## Provided data
=-=-=-=-=
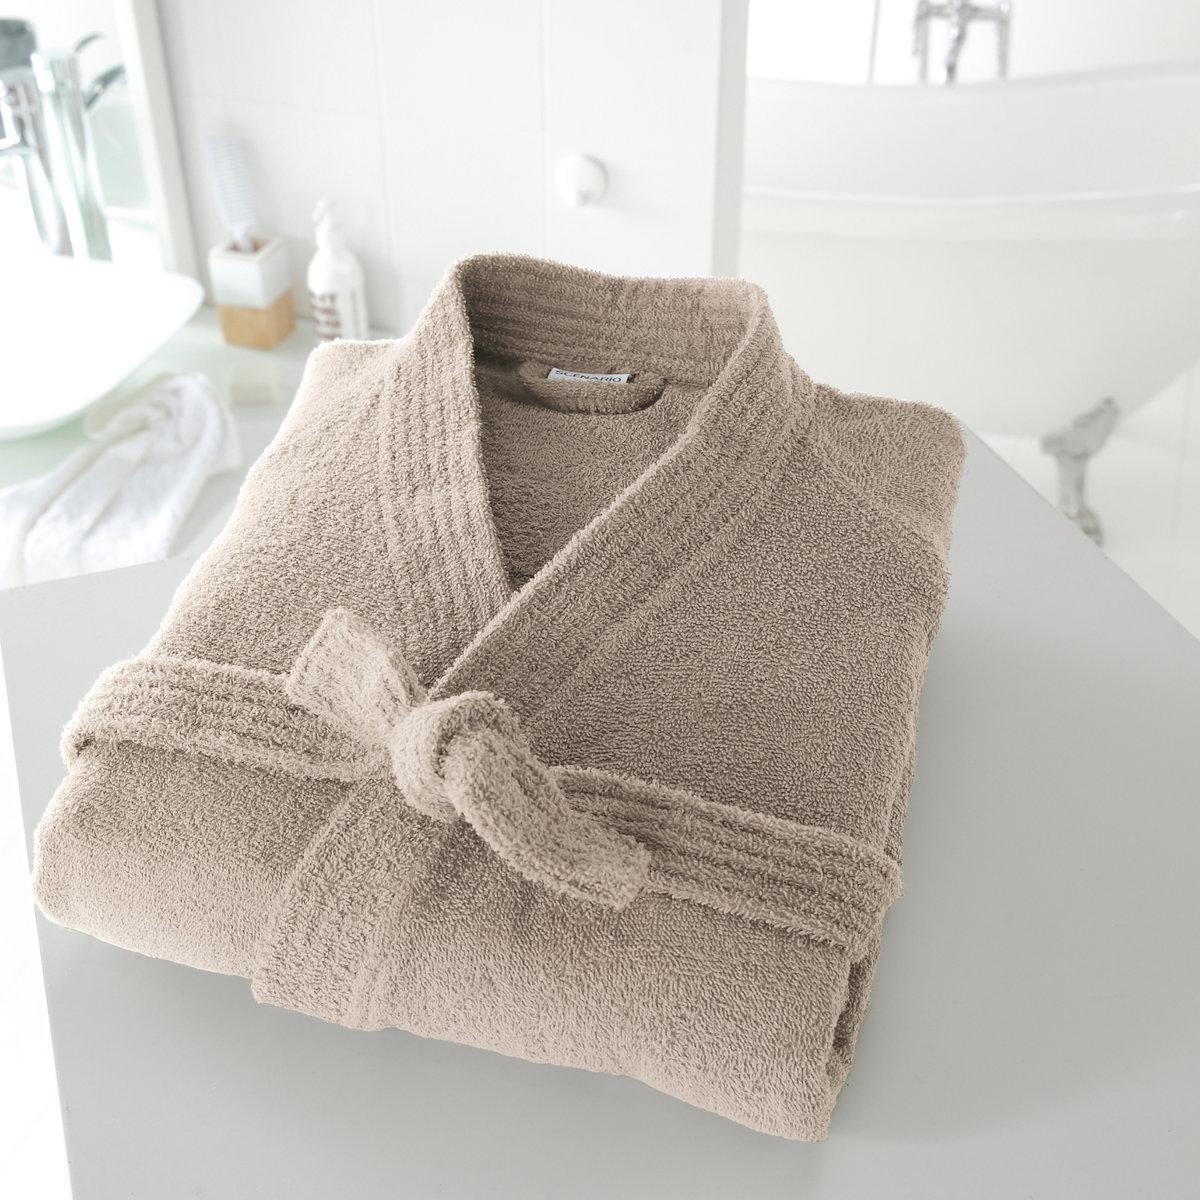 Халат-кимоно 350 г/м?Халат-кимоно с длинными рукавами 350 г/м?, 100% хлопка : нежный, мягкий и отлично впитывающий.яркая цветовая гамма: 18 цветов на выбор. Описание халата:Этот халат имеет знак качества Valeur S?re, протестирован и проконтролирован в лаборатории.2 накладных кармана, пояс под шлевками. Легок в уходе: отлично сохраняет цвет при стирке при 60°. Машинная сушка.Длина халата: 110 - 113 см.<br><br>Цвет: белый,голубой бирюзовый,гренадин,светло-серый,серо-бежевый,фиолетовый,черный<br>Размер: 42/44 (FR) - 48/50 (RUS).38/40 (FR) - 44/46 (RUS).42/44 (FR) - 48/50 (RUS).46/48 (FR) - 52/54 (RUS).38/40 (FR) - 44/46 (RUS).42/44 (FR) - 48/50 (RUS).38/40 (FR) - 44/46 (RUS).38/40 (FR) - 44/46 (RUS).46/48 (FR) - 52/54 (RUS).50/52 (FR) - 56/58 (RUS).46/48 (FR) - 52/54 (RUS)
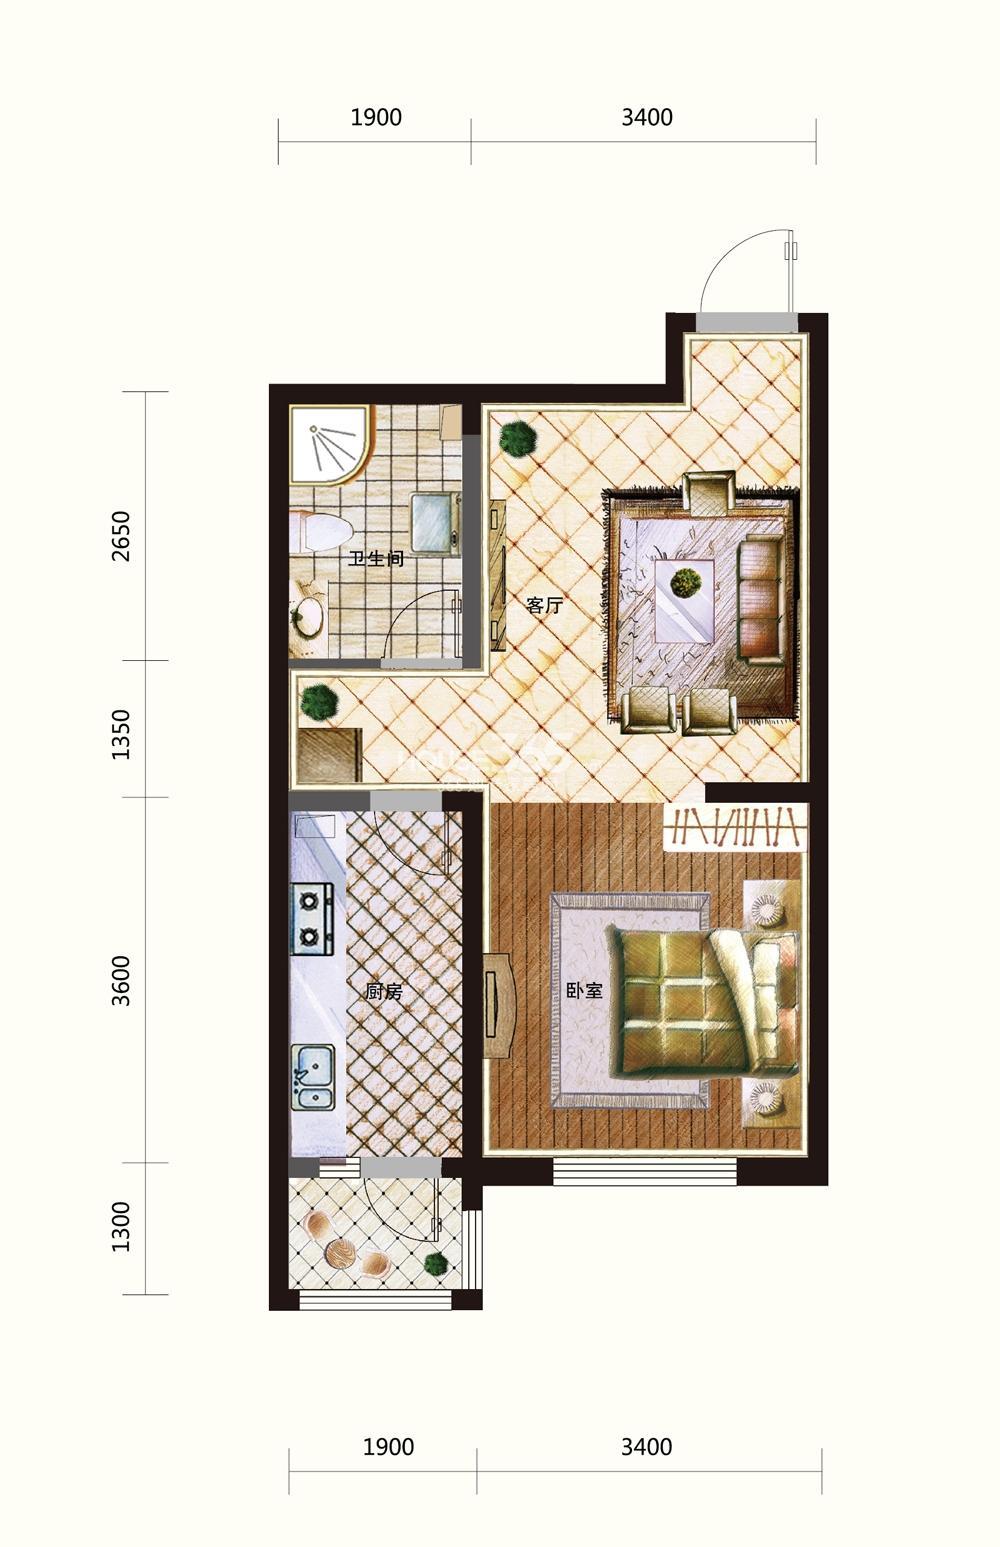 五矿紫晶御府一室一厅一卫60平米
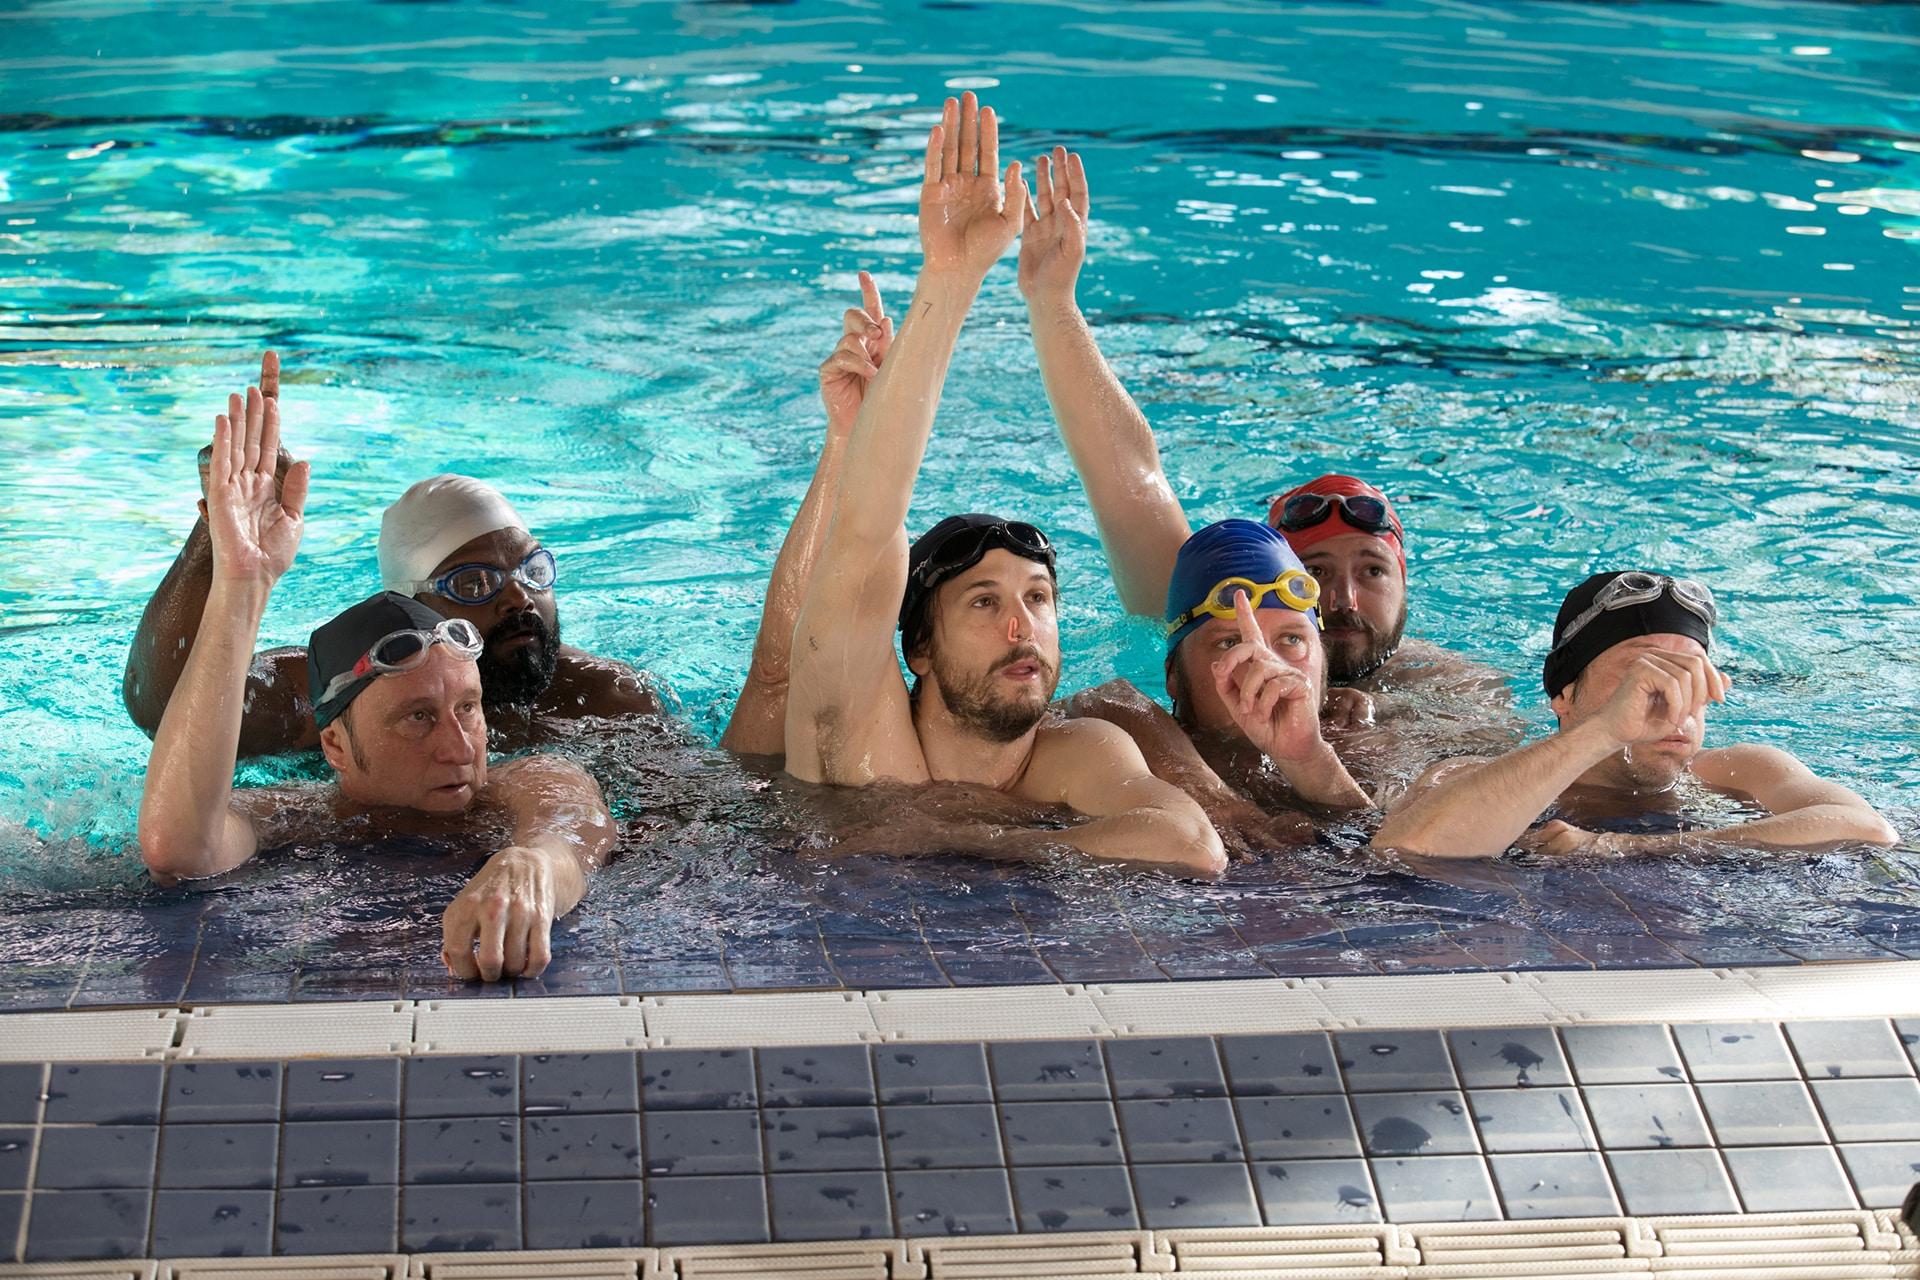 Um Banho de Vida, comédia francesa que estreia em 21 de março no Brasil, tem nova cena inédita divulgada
=-=-=-=-=
Retype each line above exactly and leave out any picture.

 Халат-кимоно 350 г/м?Халат-кимоно с длинными рукавами 350 г/м?, 100% хлопка : нежный, мягкий и отлично впитывающий.яркая цветовая гамма: 18 цветов на выбор. Описание халата:Этот халат имеет знак качества Valeur S?re, протестирован и проконтролирован в лаборатории.2 накладных кармана, пояс под шлевками. Легок в уходе: отлично сохраняет цвет при стирке при 60°. Машинная сушка.Длина халата: 110 - 113 см.<br><br>Цвет: белый,голубой бирюзовый,гренадин,светло-серый,серо-бежевый,фиолетовый,черный<br>Размер: 42/44 (FR) - 48/50 (RUS).38/40 (FR) - 44/46 (RUS).42/44 (FR) - 48/50 (RUS).46/48 (FR) - 52/54 (RUS).38/40 (FR) - 44/46 (RUS).42/44 (FR) - 48/50 (RUS).38/40 (FR) - 44/46 (RUS).38/40 (FR) - 44/46 (RUS).46/48 (FR) - 52/54 (RUS).50/52 (FR) - 56/58 (RUS).46/48 (FR) - 52/54 (RUS)
 五矿紫晶御府一室一厅一卫60平米
 Um Banho de Vida, comédia francesa que estreia em 21 de março no Brasil, tem nova cena inédita divulgada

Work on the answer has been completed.